The electrically heated catalyst apparatus 100 is disposed on a discharge path of an automobile and the like, for example, and purifies an exhaust gas discharged from an engine. As shown in FIG. 1, the electrically heated catalyst apparatus 100 includes a carrier 20, a surface electrode 31, a wiring 32, and a fixed, layer 33. Herein, the wiring 32 includes a first wiring 32a extended in a carrier circumferential direction and a second wiring 32b extended in a carrier axis direction. In FIG. 2, although a positional relationship of the carrier 20, the wiring 32, and the fixed layer 33 is shown for one surface electrode 31, the situation is the same also for the other surface electrode 31.

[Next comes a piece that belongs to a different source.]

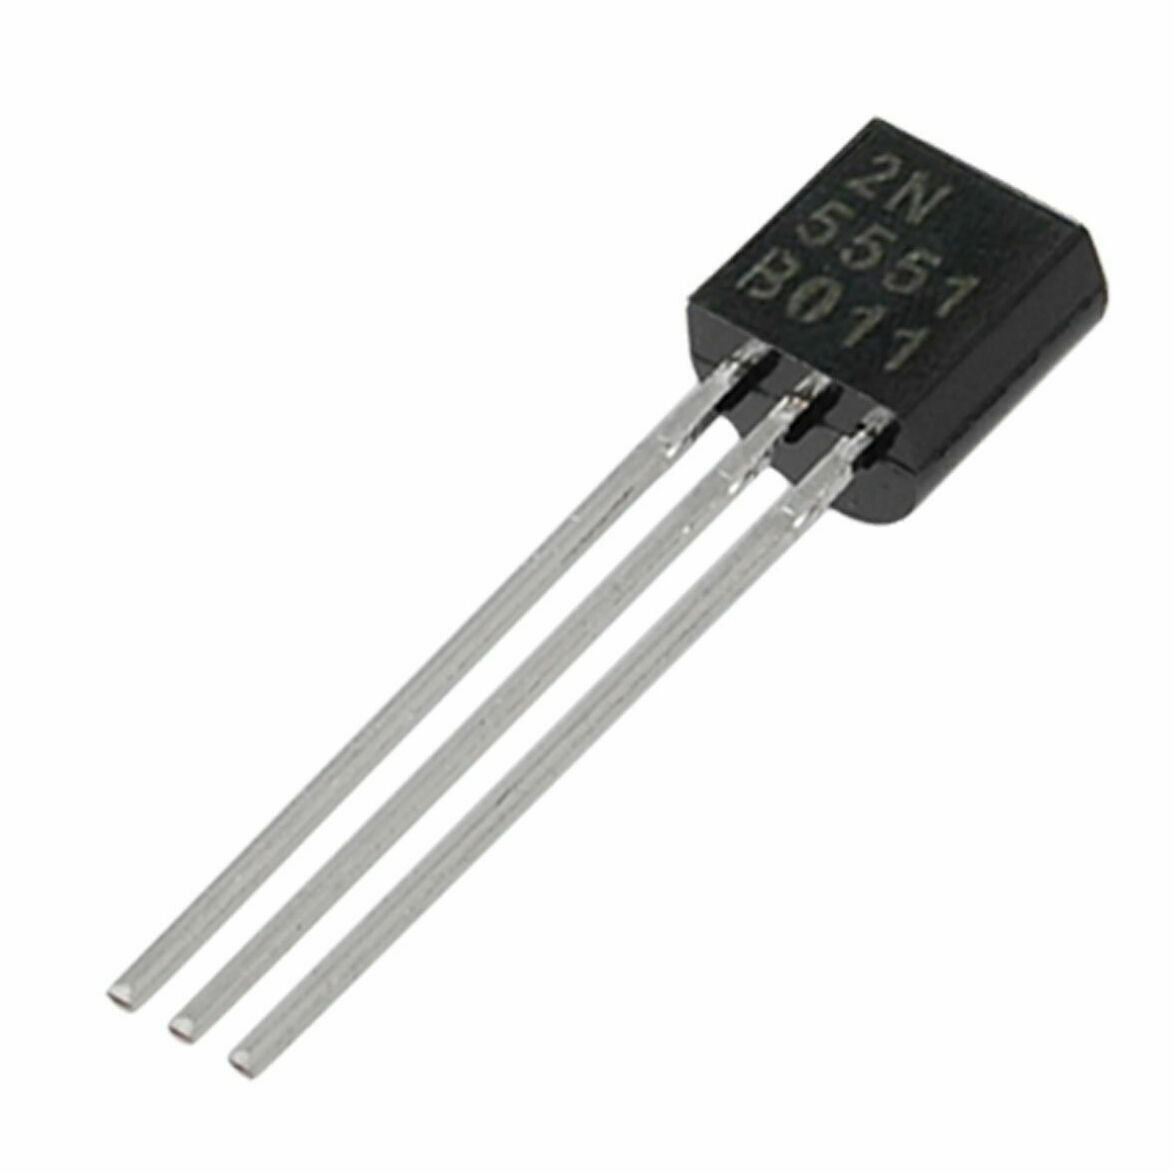 2N5551 High Voltage NPN Transistor 160V (CE) (25 pack)

The carrier 20 is a porous member that carries a catalyst such as platinum, palladium and the like. Further, since the carrier 20 itself is electrically heated, it is formed of ceramics having conductivity, specifically SiC (silicon carbide), for example. As shown in FIG. 1, the carrier 20 has a substantially, cylindrical outer shape and a honeycomb structure inside thereof. As shown with an arrow mark, an exhaust gas passes the inside of the carrier 20 in an axial direction of the carrier 20.

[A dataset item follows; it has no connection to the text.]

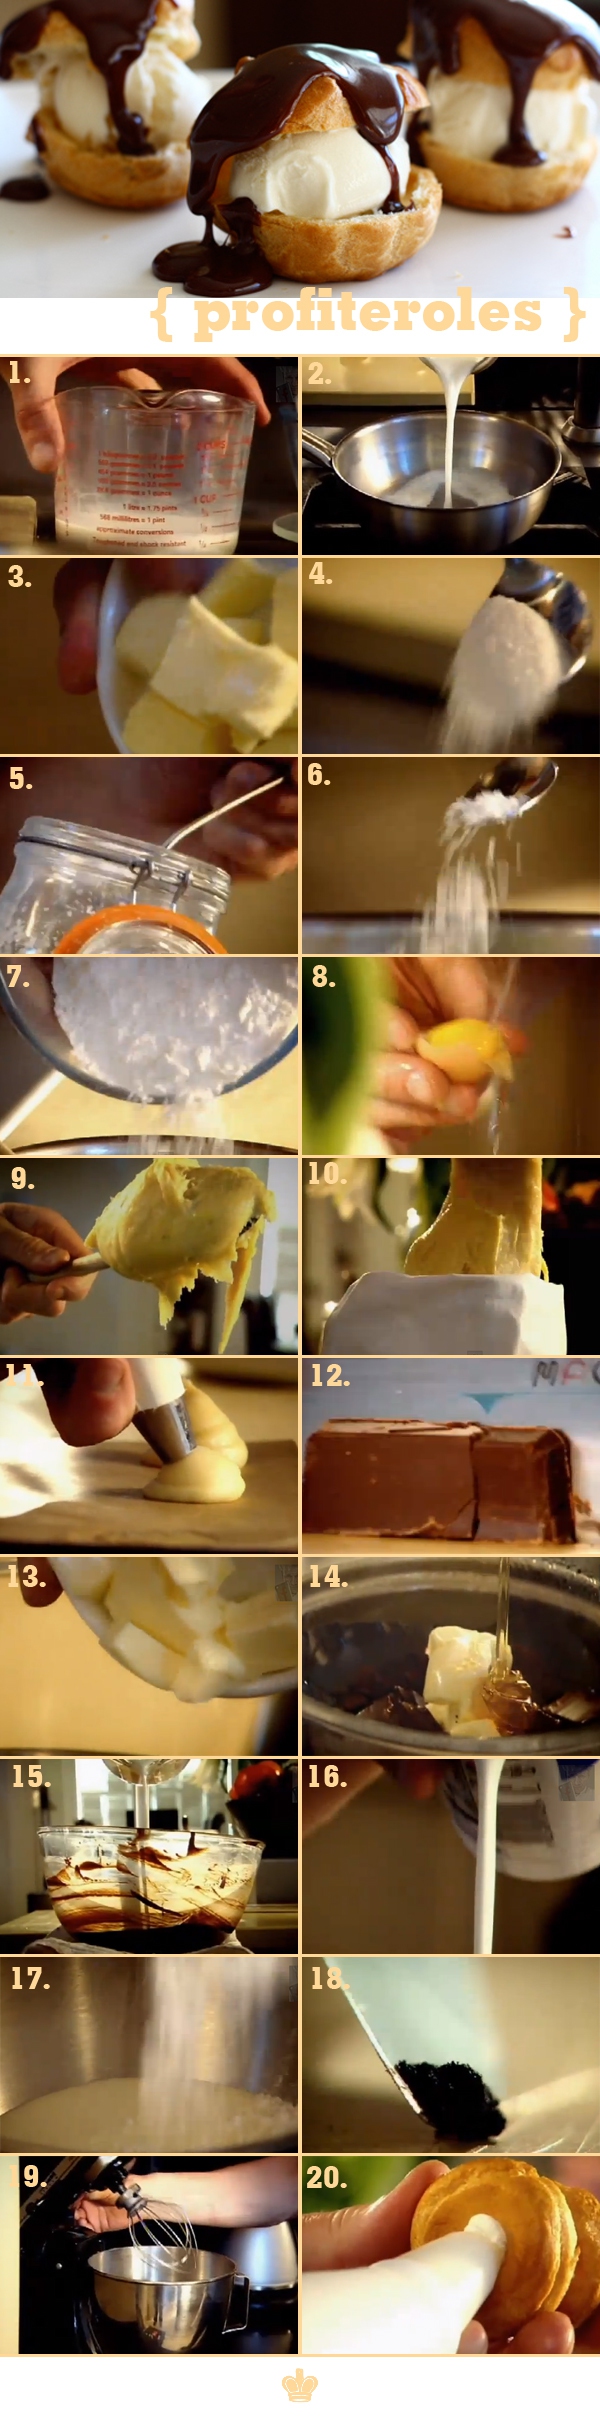 Bí quyết làm bánh su kem "hoàn hảo" của Gordon Ramsay 1

As shown in FIG. 1, the surface electrode 31 is a pair of electrodes that are disposed while facing each other on an external surface of the carrier 20. Further, as shown in FIG. 2, the surface electrode 31 has a rectangular plane shape and is extended in a carrier axis direction. The surface electrode 31 is not formed in the vicinity of both ends of the carrier 20 in a carrier axis direction. The surface electrode 31 is connected to a power source such as a battery or the like through the wiring 32. Then, through the surface electrode 31, an electric current is supplied to the carrier 20 to perform electrical heating. One of the pair of surface electrodes 31 is a plus electrode and the other is a minus electrode. However, any of the surface electrodes 31 may be a plus electrode or a minus electrode. That is, a direction of the electric current that flows the carrier 20 is not limited.

As shown in FIG. 1, a pectinately branched wiring 32 is disposed on each of the pair of surface electrodes 31. The wiring 32 has a plurality of first wirings 32a extended pectinately in a circumferential direction of the carrier 20 and a plurality of second wirings 32b extended pectinately in a carrier axis direction. Both the first wiring 32a and the second wiring 32b come into physical contact with the surface electrode 31 and are electrically connected therewith. The first wiring 32a and the second wiring 32b are a ribbon-shaped metal thin plate having a thickness of 0.1 mm and a width of about 1 mm, for example. Further, in order to be able to use under high temperatures of 800° C. or more, the wiring 32 is preferably made of a heat resistant (anti-oxidation) alloy such as stainless alloy, Ni-based alloy, Co-based alloy and the like. When considering performances such as electric conductivity, heat resistance, oxidation resistance under high temperatures, corrosion resistance under an exhaust gas atmosphere and the like and cost, the stainless alloy is the most preferable.

As shown in FIG. 2, the plurality of first wirings 32a is extended over an entire formation region of the surface electrode 31 in a carrier circumferential direction. Further, all of the first wirings 32a are extended while protruding from one side of the formation region of the surface electrode 31, and integrated at the protruded dead end. On the other hand, the plurality of the first wirings 32a is juxtaposed, along a carrier axis direction, separated by a substantially equal distance on the surface electrode 31. The first wiring 32a is disposed only on a center part in a carrier axis direction of the surface electrode 31. In an example of FIGS. 1 and 2, six first wirings 32a are disposed in a center part in an axial direction of the carrier 20 on each of the surface electrodes 31. Herein, two first wirings 32a disposed on the outermost side are formed thicker compared with the other four first wirings 32a. It goes without saying that the number of the first wirings 32a is not limited to six but can be appropriately determined.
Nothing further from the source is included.